● What is needed:
In the entries below, repeat only the lines between those holding "ber advantage membership" and "Rose gold skinny", inclusive. Leave pictures out.

● Data for this exercise:
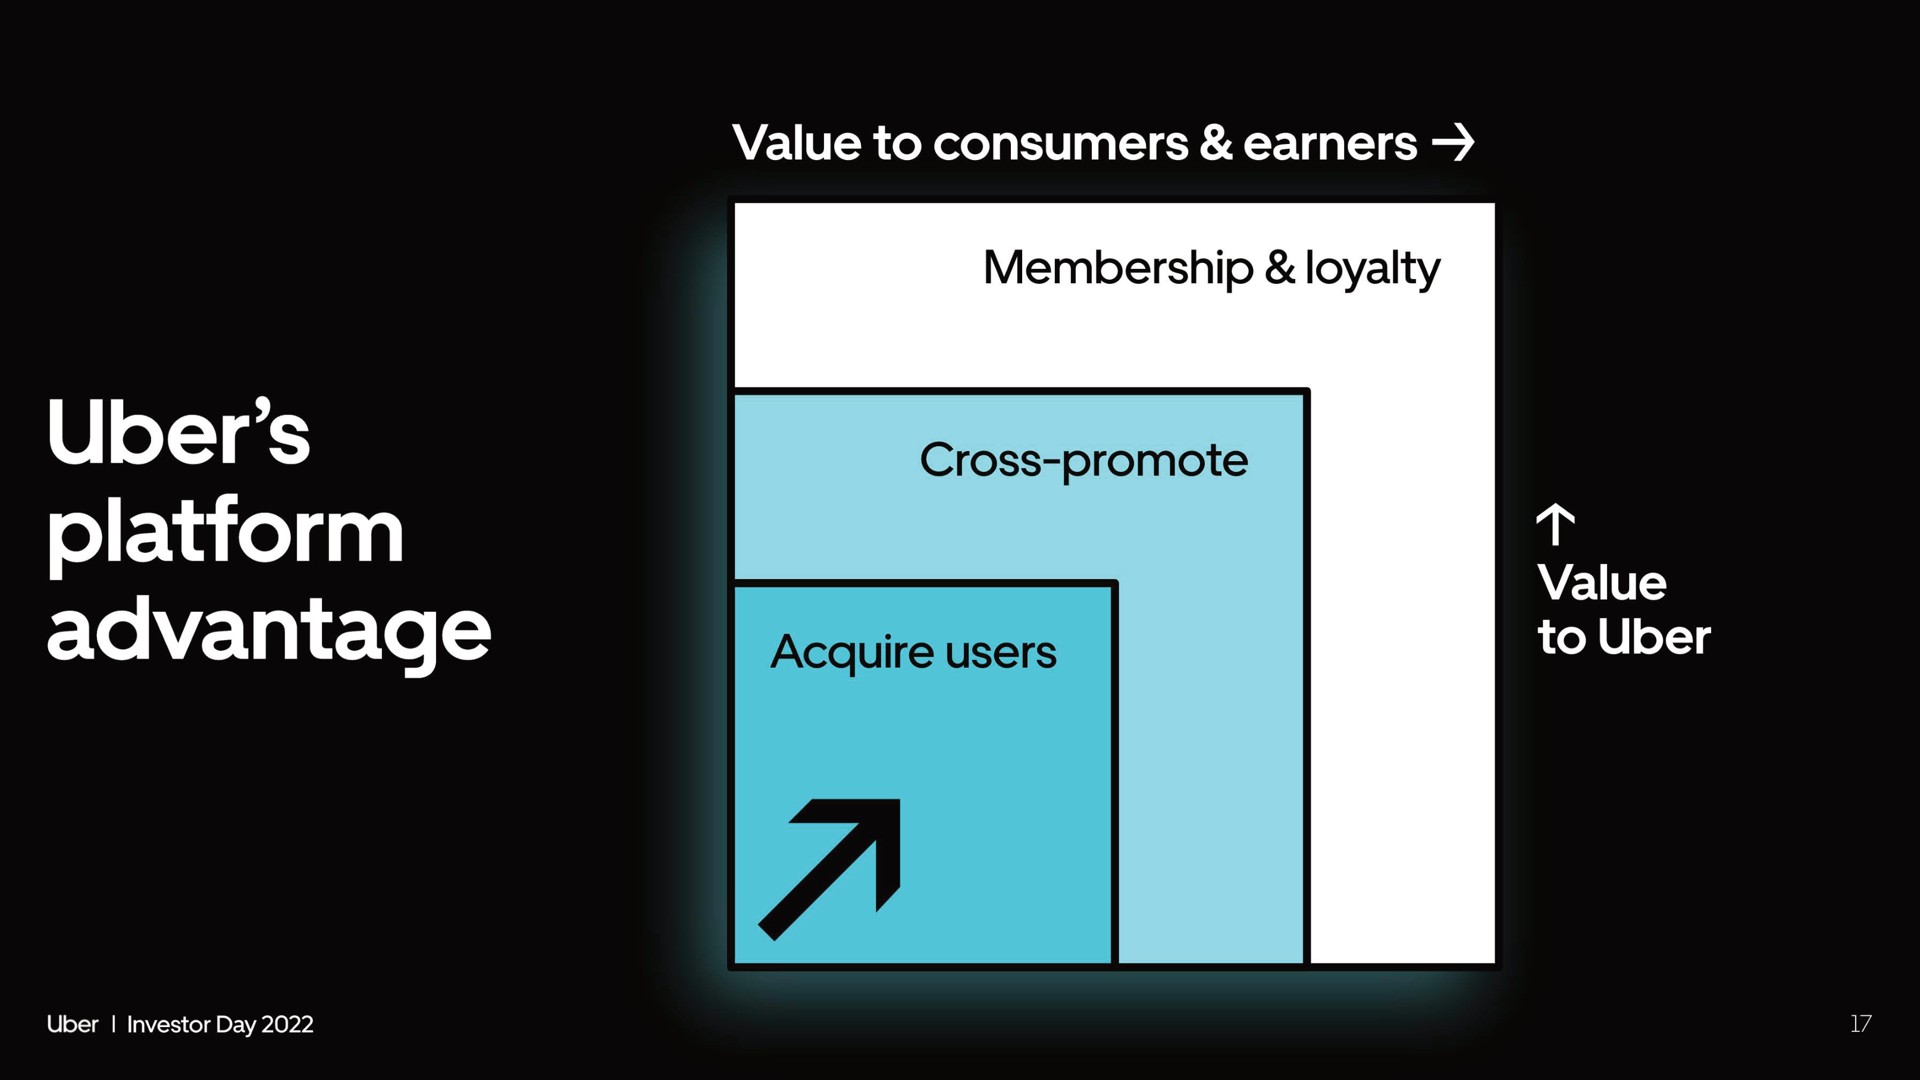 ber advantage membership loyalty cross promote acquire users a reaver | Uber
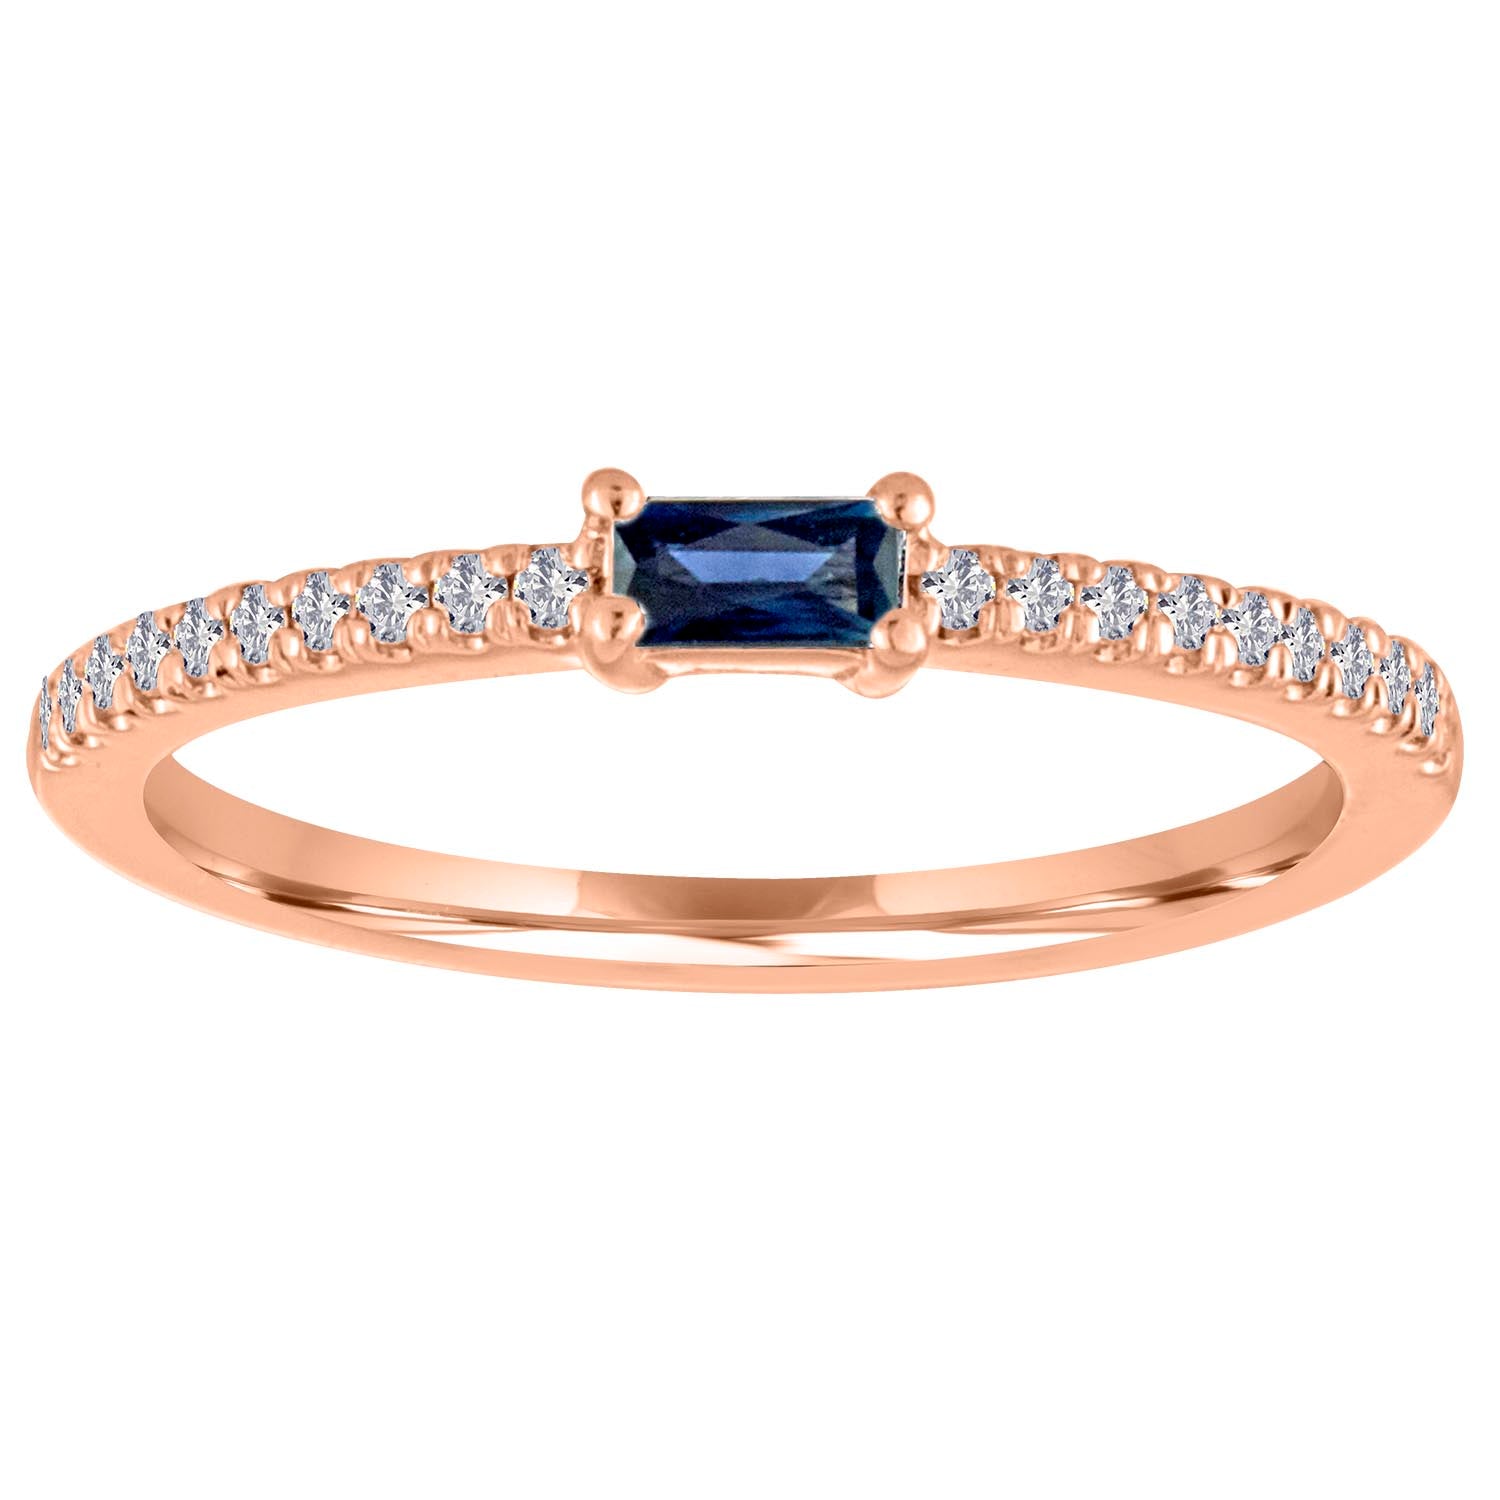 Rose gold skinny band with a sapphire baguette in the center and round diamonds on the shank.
---
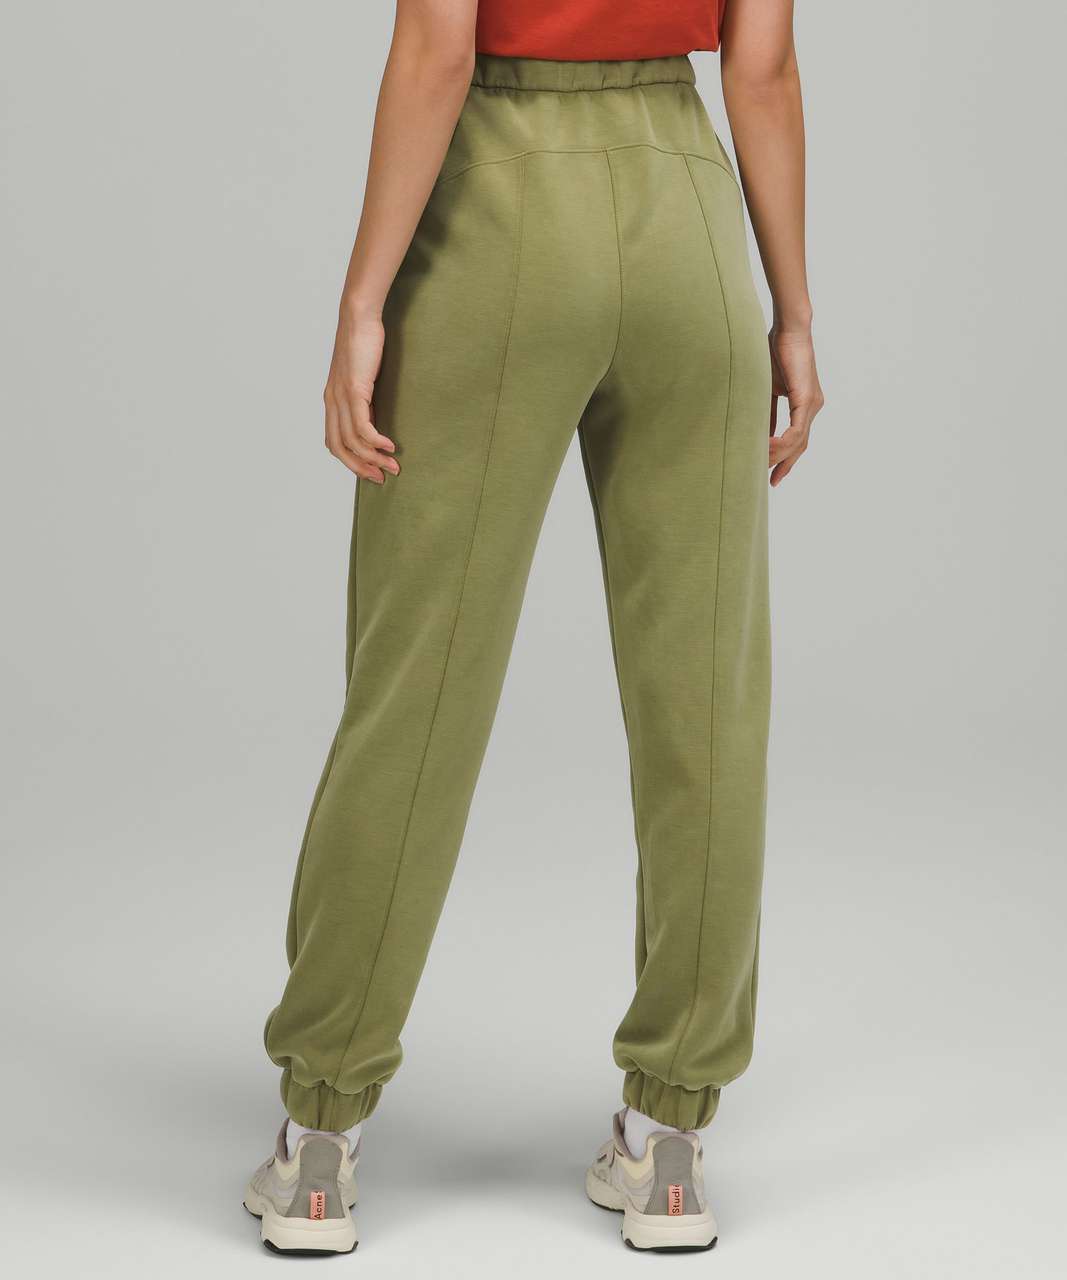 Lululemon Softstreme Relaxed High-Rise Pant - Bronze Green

● Task solution:
 ber advantage membership loyalty cross promote acquire users a reaver | Uber
 Rose gold skinny band with a sapphire baguette in the center and round diamonds on the shank.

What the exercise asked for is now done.